Когда он вошел в комнату, тетя Михася, лежавшая на высоких подушках, была без сознания. Сейчас она была похожа на мумию фараона. Правда, дышала она еще довольно громко, но казалась мертвой. Он поставил чашку на окно, а сам подошел к Касе, которая, увидев его, принялась бестолково размахивать веткой. Он отобрал ветку и сказал:
— Дай теперь я.
Сев на место Каси, он замахал веткой над бабушкиным лицом. Лицо ее сморщилось, и вся голова как-то уменьшилась, точно высохла, как малайские или египетские головы. Анджей, не отрываясь смотрел на рот, который, округляясь, как рот рыбы, выброшенной на песок, громко и глубоко втягивал и выпускал воздух.
Кася с минуту постояла рядом, с деревенским «жалостливым» видом глядя на умирающую. Потом вздохнула и вышла. Анджей остался подле бабки один. Мухи становились все назойливее, облепляя подушку вокруг запрокинутого желтого лица тети Михаси. Анджей беспрерывно и резко взмахивал веткой.
Так просидел он несколько часов. Кася вернулась, постояла в ногах постели и снова вышла. Несколько раз заходила Ройская и поправляла подушки. Заглядывала и панна Ванда.
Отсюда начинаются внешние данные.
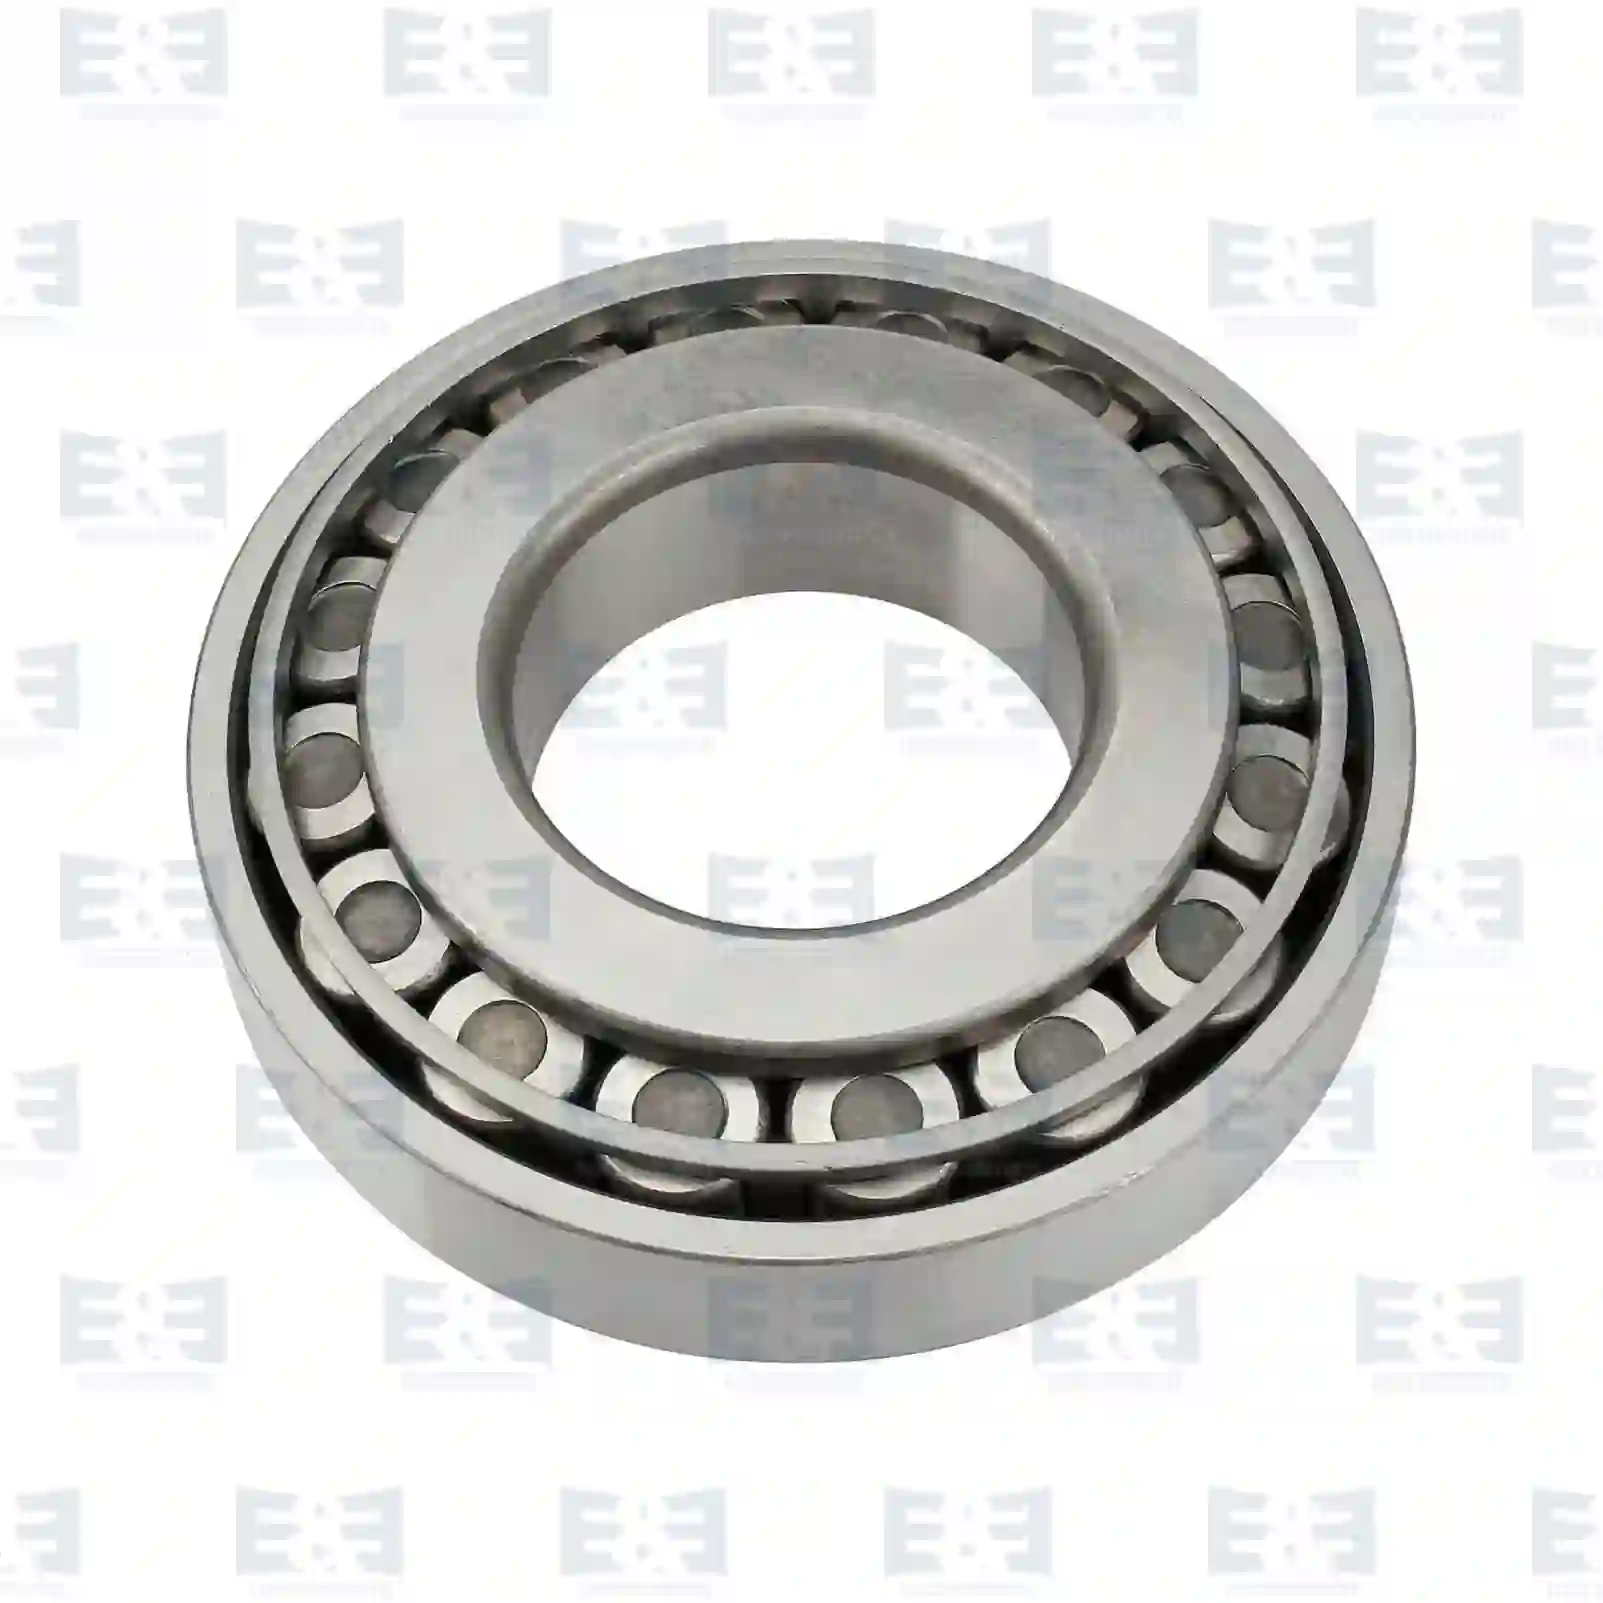 Tapered roller bearing, 2E2285916, 0264026000, 01102859, 94031454, 1-09812013-0, 1-09812023-0, 1-09812070-0, 01102859, 01109985, 06324890113, 0009810505, 0009818905, 0019819705, 0019899705, 0029810205, 0029816005, 0039816205, 0069816505, 0089818805, 0109810005, 0109812805, 0109812905, 0109815505, 0129818805, 0129819205, 0129819405, 0139818405, 0169811205, 3449817005, MH043008, 38326-90002, 40208-90009, 4200001500, 1357711, 366305, ZG02968-0008 ||  2E2285916 E&E Truck Spare Parts | Truck Spare Parts, Auotomotive Spare Parts Tapered roller bearing, 2E2285916, 0264026000, 01102859, 94031454, 1-09812013-0, 1-09812023-0, 1-09812070-0, 01102859, 01109985, 06324890113, 0009810505, 0009818905, 0019819705, 0019899705, 0029810205, 0029816005, 0039816205, 0069816505, 0089818805, 0109810005, 0109812805, 0109812905, 0109815505, 0129818805, 0129819205, 0129819405, 0139818405, 0169811205, 3449817005, MH043008, 38326-90002, 40208-90009, 4200001500, 1357711, 366305, ZG02968-0008 ||  2E2285916 E&E Truck Spare Parts | Truck Spare Parts, Auotomotive Spare Parts

— Как тяжело человеку умирать, — сказала тетя Эвелина и, нагнувшись над Анджеем, поцеловала его в волосы.
Анджей сам не знал, о чем он думает. Так и сидел, оцепеневший и совершенно разомлевший от жары, которая с каждым часом усиливалась. Смутно припомнилось, как он болел в детстве и как «тетя Михася» тогда вот так же сидела подле его постели.
«Так вот, значит, как человек умирает, — думал он, когда проходило это оцепенение. — Как это ужасно».
Запах живого и вместе с тем уже разлагающегося тела усиливался вместе с жарой. Наконец он заметил, что в комнате стало темно. Он не слышал, как вошла панна Ванда, только увидел, как она зажигает свечу на столике перед постелью. За окном загрохотало. Гром был еще далекий, но ему тут же ответил ближний раскат. Блеснула вспышка.